Эффективность подобного рода пропаганды демонстрирует одну из основных характеристик современных масс. Они не верят во что-то видимое, в реальность своего собственного опыта. Они не верят своим глазам и ушам, но верят только своему воображению, которое может постичь что-то такое, что одновременно и универсально и непротиворечиво самому себе. Не факты убеждают массы и даже не сфабрикованные факты, а только непротиворечивость системы, частью которой они, по-видимому, являются. Повторение, влияние которого несколько переоценено благодаря общей вере в примитивные способности масс к пониманию и запоминанию, важно только потому, что убеждает их в том, что непротиворечивость существует во времени.

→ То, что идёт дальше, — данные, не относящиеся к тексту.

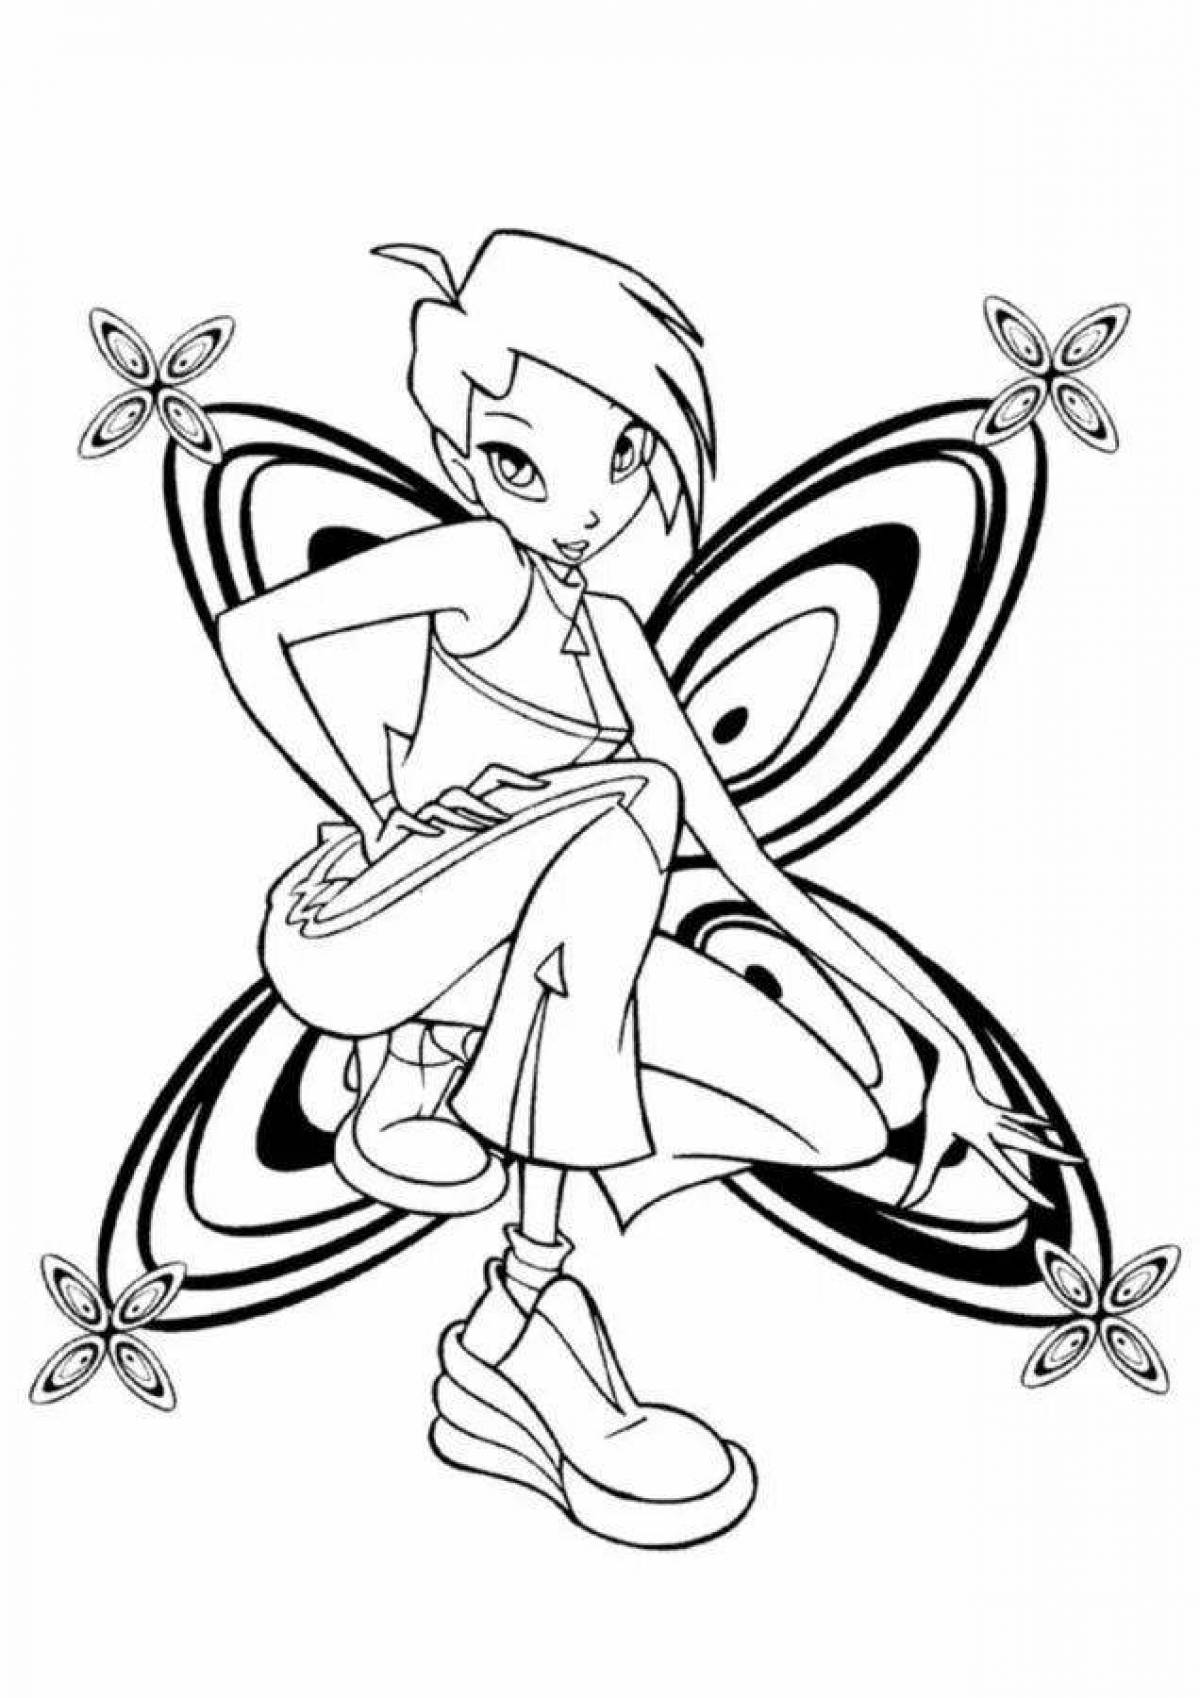 Winx inspirational coloring book for kids

Случайность, пронизывающая реальность, есть именно то, что массы отказываются признать. Массы предрасположены ко всем идеологиям, потому что они объясняют факты как простые примеры законов и отвергают случайные стечения обстоятельств, предполагая всеобъемлющую силу, которая должна лежать в основе каждого случая. Тоталитарная пропаганда преуспевает в уходе от реальности в фиктивный мир, от противоречий к непротиворечивости.

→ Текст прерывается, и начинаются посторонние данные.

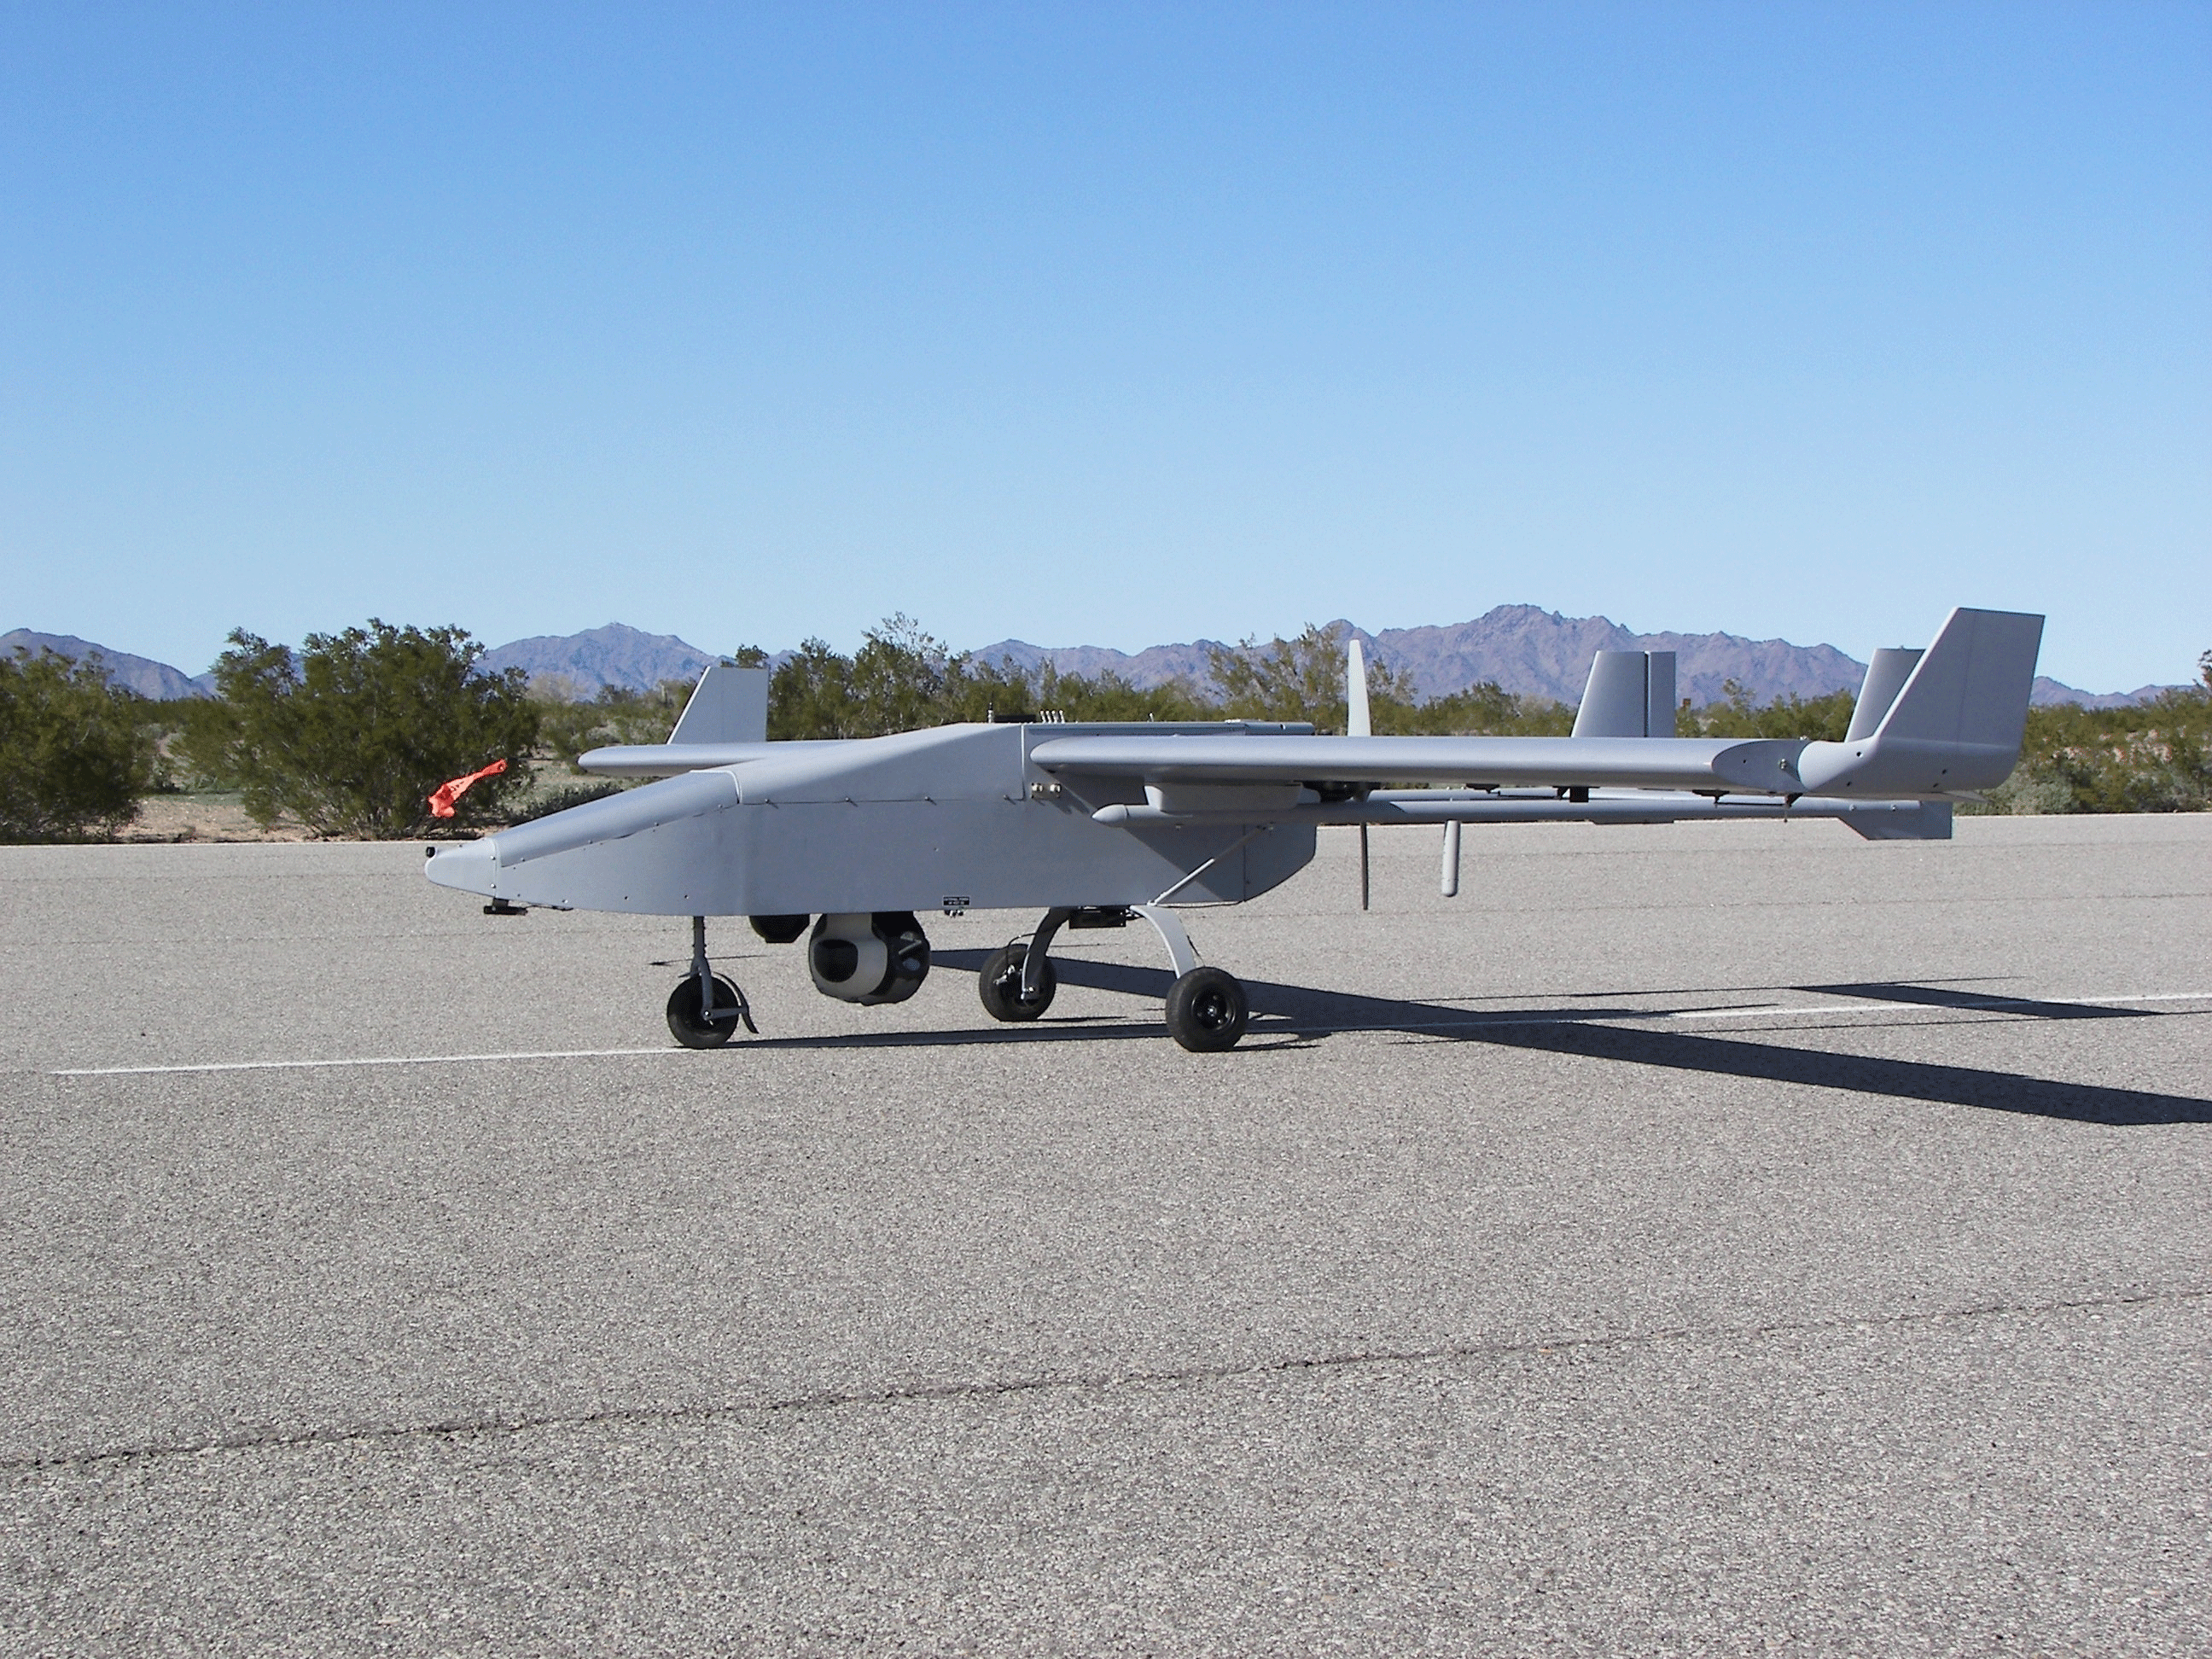 Example of an unmanned aerial vehicle.

Главный недостаток тоталитарной пропаганды заключается в том, что она не может полностью удовлетворить тягу масс к совершенно непротиворечивому, постижимому и предсказуемому миру без серьезного конфликта со здравым смыслом. Если, например, все «исповеди» политических оппонентов в Советском Союзе произносились на одном и том же языке и подразумевали одни и те же мотивы, жаждущие непротиворечивости массы принимали фикцию в качестве высшего доказательства подлинности этих «исповедей», в то время как здравый смысл подсказывает нам, что именно эта непротиворечивость, не свойственная нормальному миру, доказывает сфабрикованность этих «исповедей». Пользуясь метафорами, можно сказать, что точно так же массы требовали постоянного повторения чуда Септуагинты, когда, согласно древней легенде, 70 переводов на греческий язык текстов Ветхого Завета, выполненные семьюдесятью не связанными друг с другом переводчиками, оказались совершенно идентичными друг другу. Здравый смысл может принять эту историю только в качестве легенды или чуда; хотя ее тоже можно привести в качестве доказательства необходимости абсолютной веры в каждое слово переводимого текста.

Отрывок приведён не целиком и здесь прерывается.